Available data
···
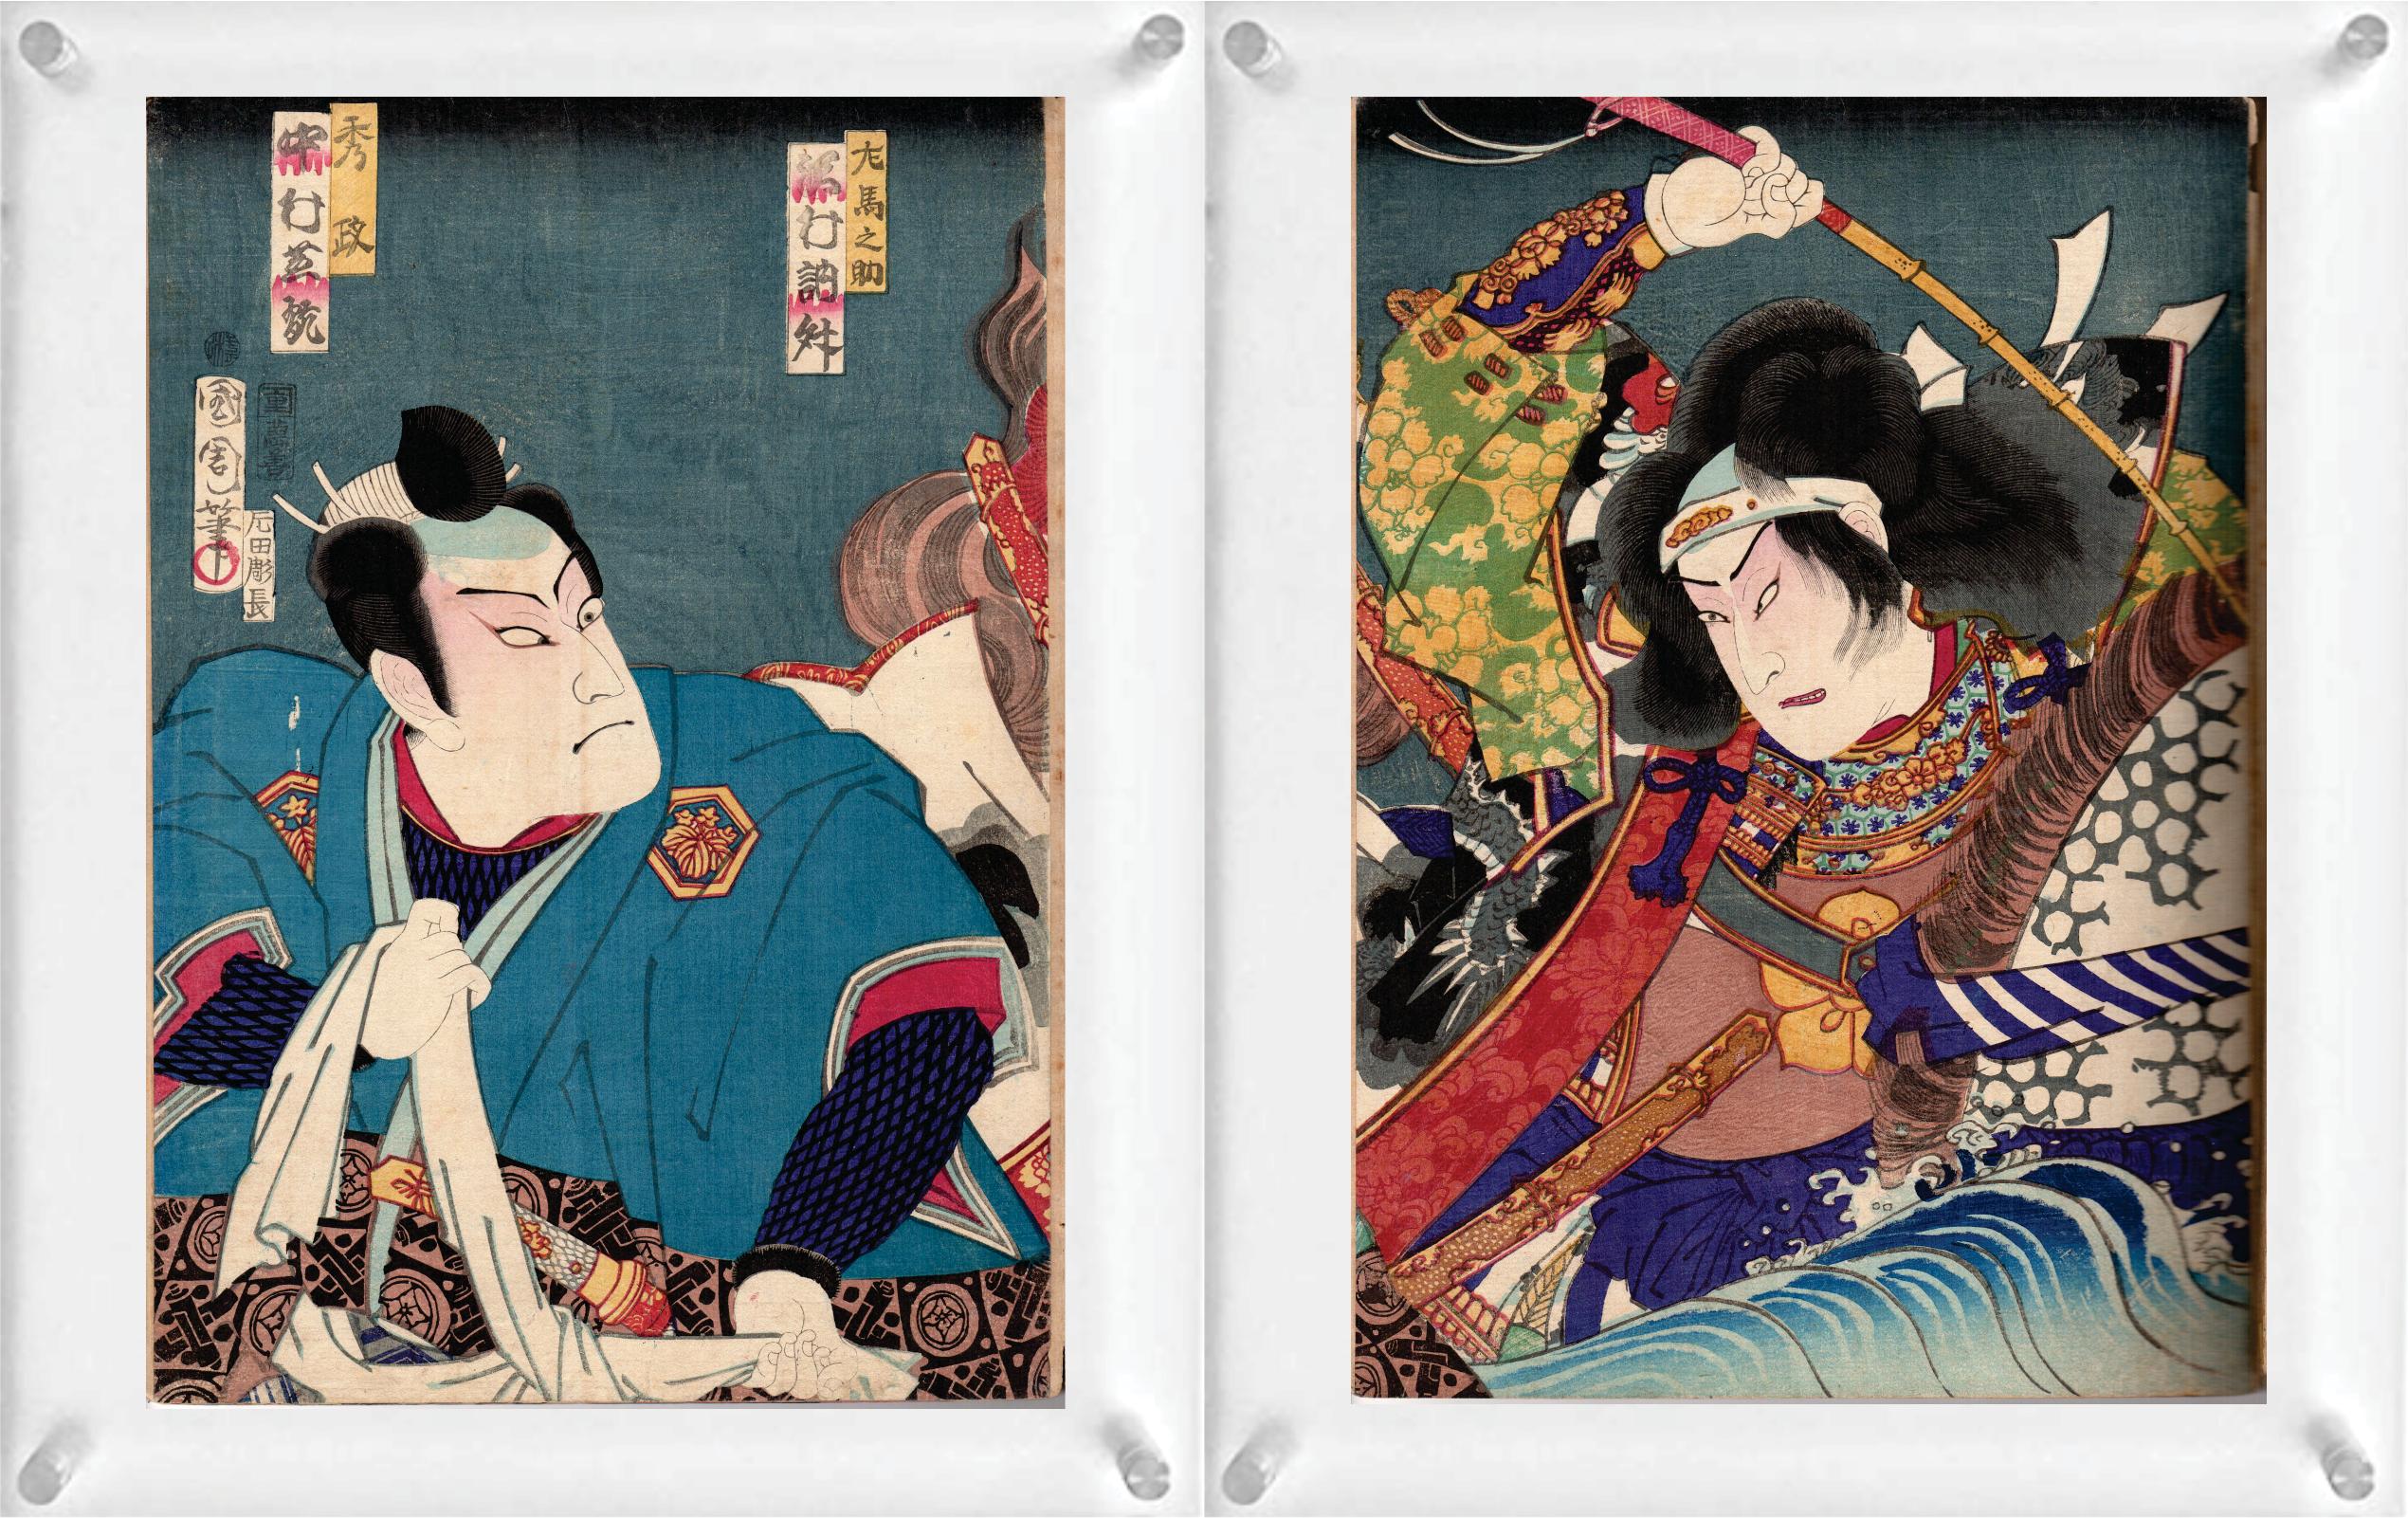 Four Japanese Woodblock Prints (Double-Side) by Toyohara Kunichika (Diptych), and Shosai Ikkei - from Thirty-Six Comics of the Famous Places of Tokyo.

Note: These are only two pieces of woodblock prints with 4 images. They are double-sided with
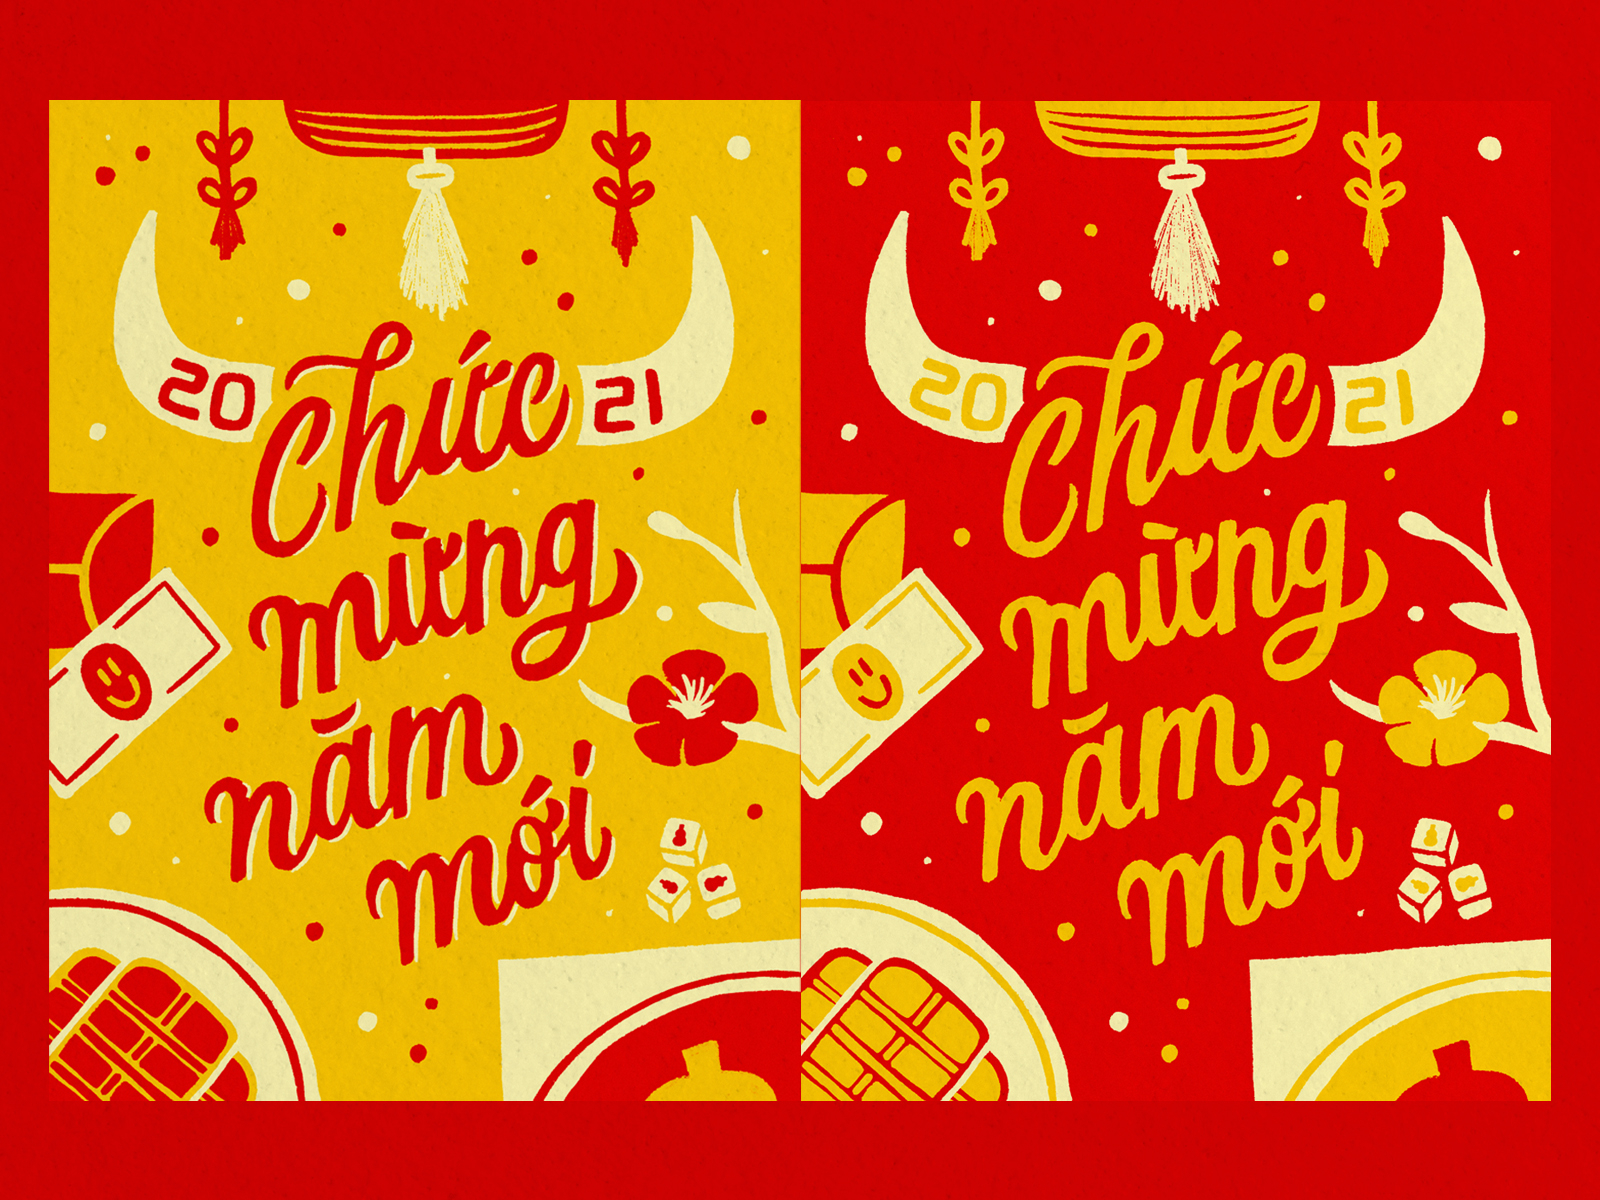 Lunar New Year 2021 2021 logo banh tet chuc mung nam moi design handlettering illustration lettering lunar new year year of the ox
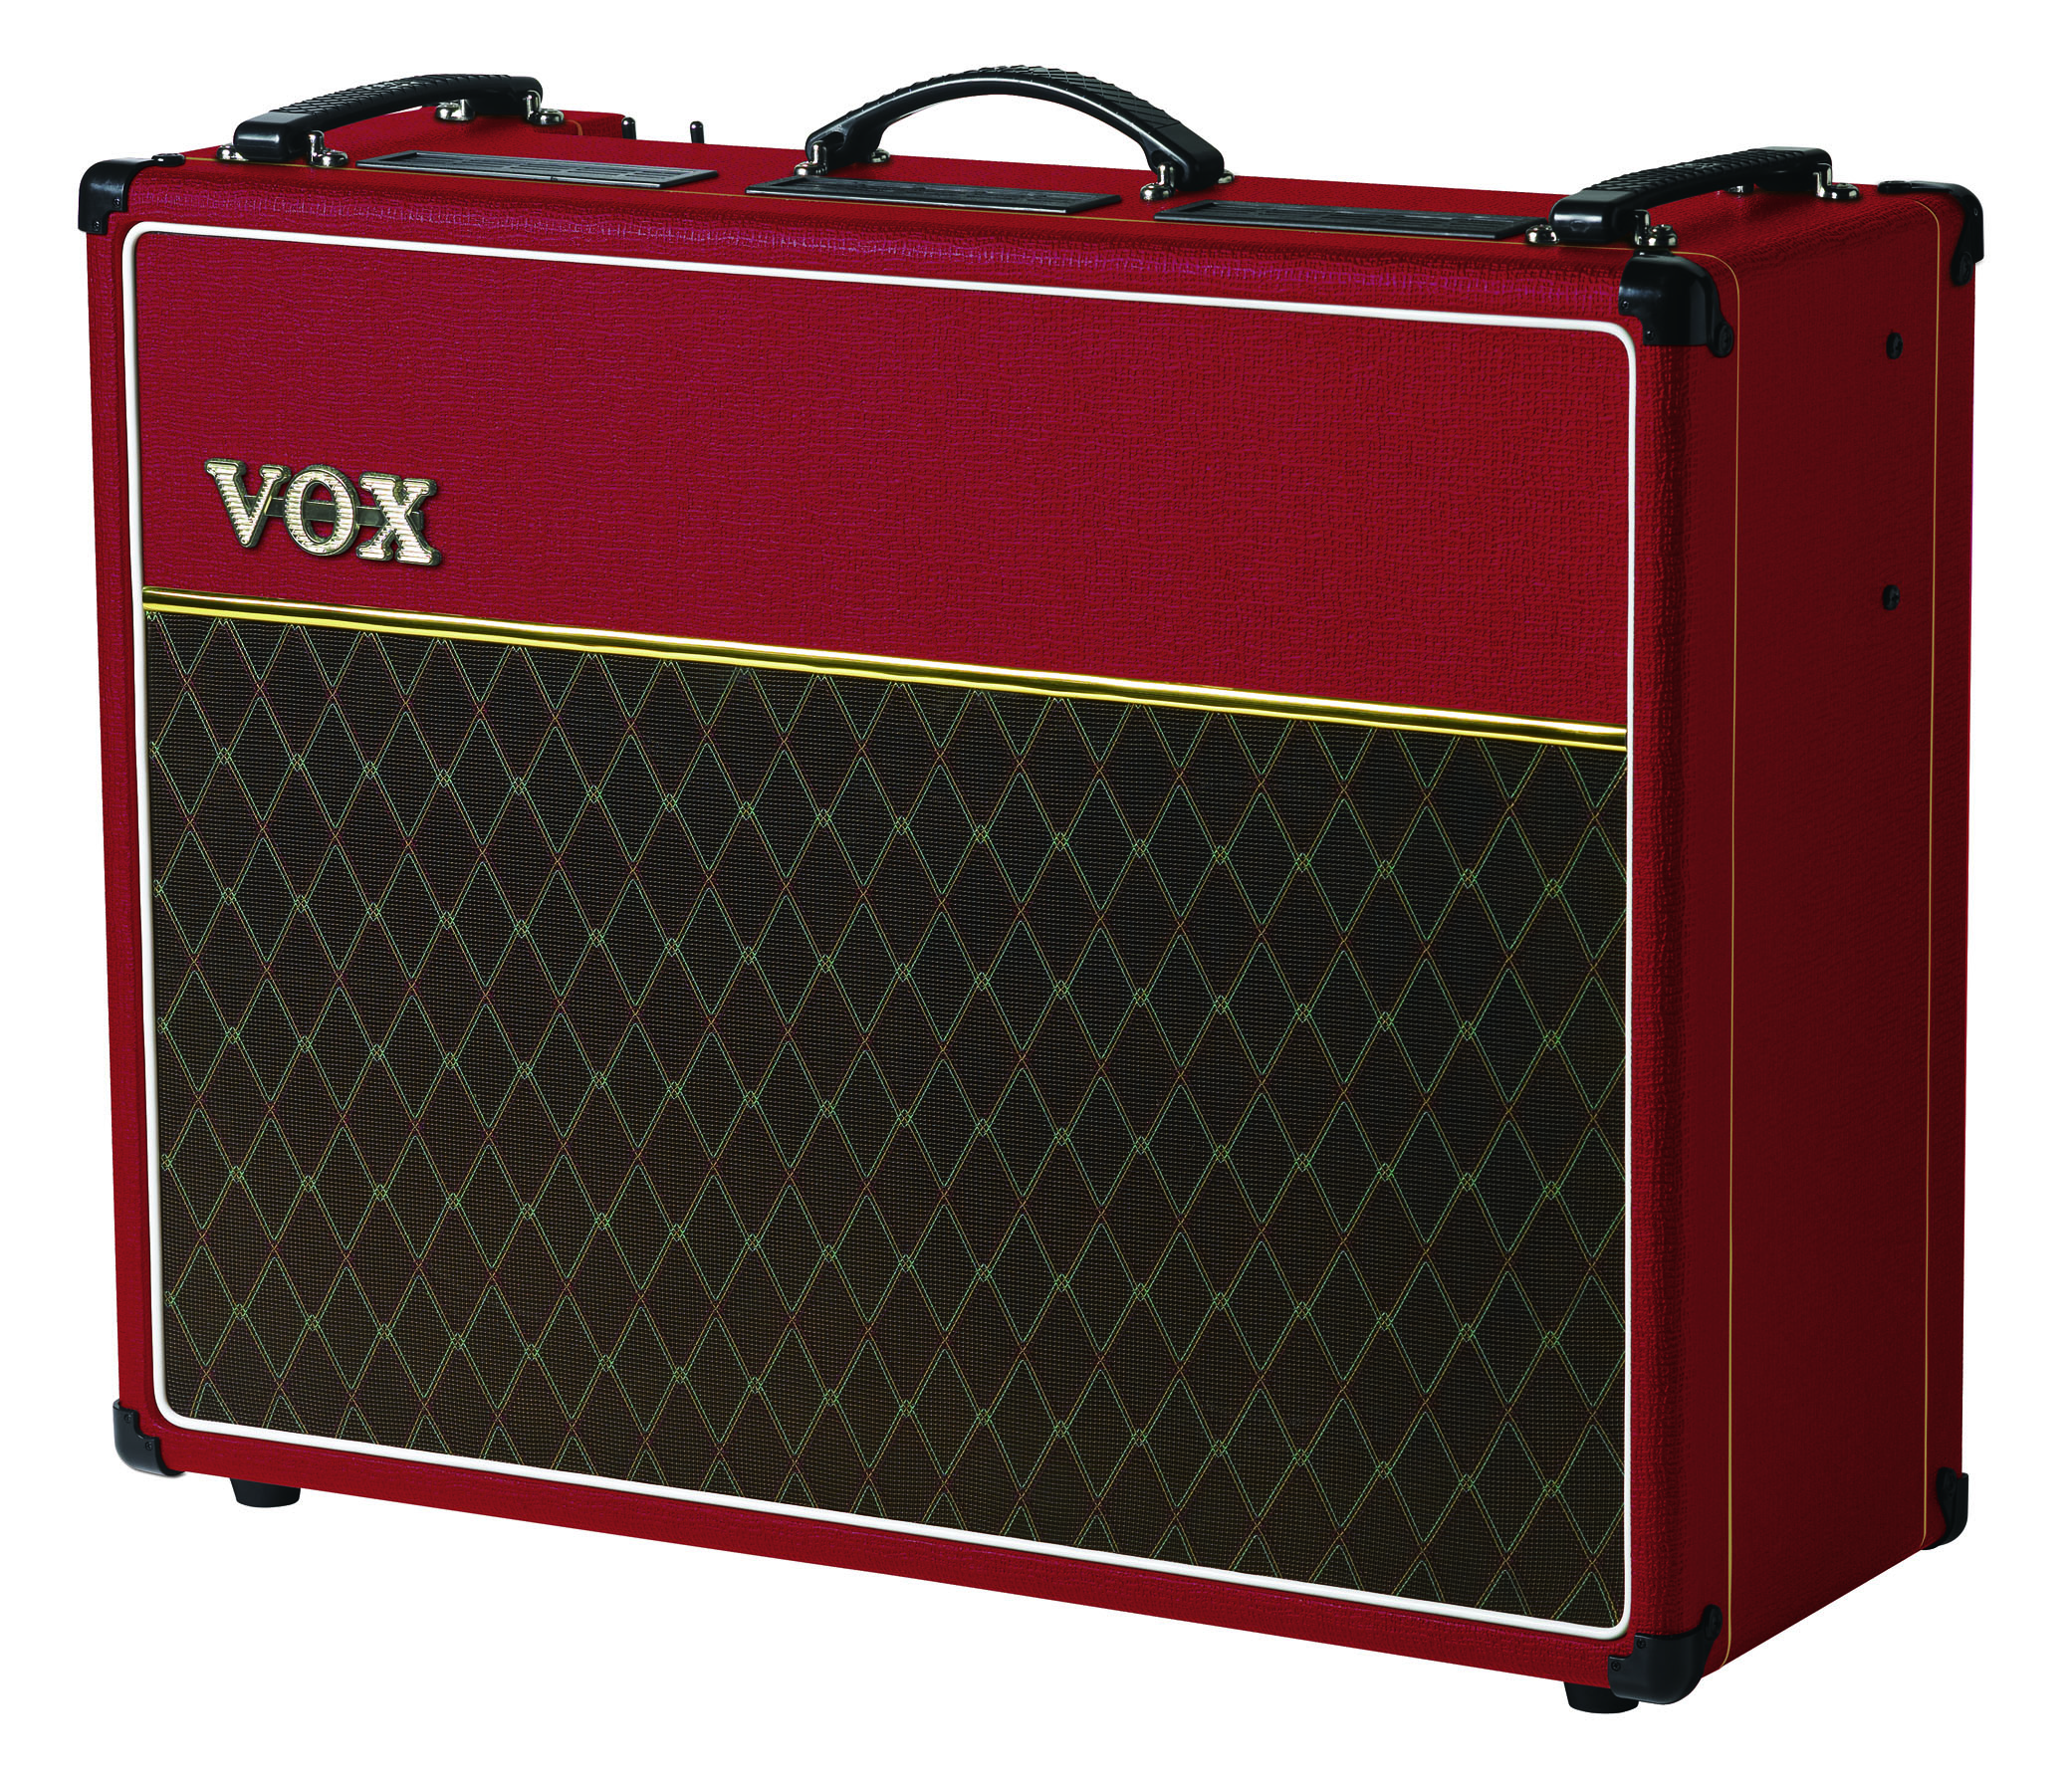 vox-ac30c2-rd-limited-edition-red.jpg
···
Work item
Copy exactly, and only, the lines from the line containing "Note: These are" through the final line of the material above, with no pictures.

Result of this exercise
Note: These are only two pieces of woodblock prints with 4 images. They are double-sided with
 Lunar New Year 2021 2021 logo banh tet chuc mung nam moi design handlettering illustration lettering lunar new year year of the ox
 vox-ac30c2-rd-limited-edition-red.jpg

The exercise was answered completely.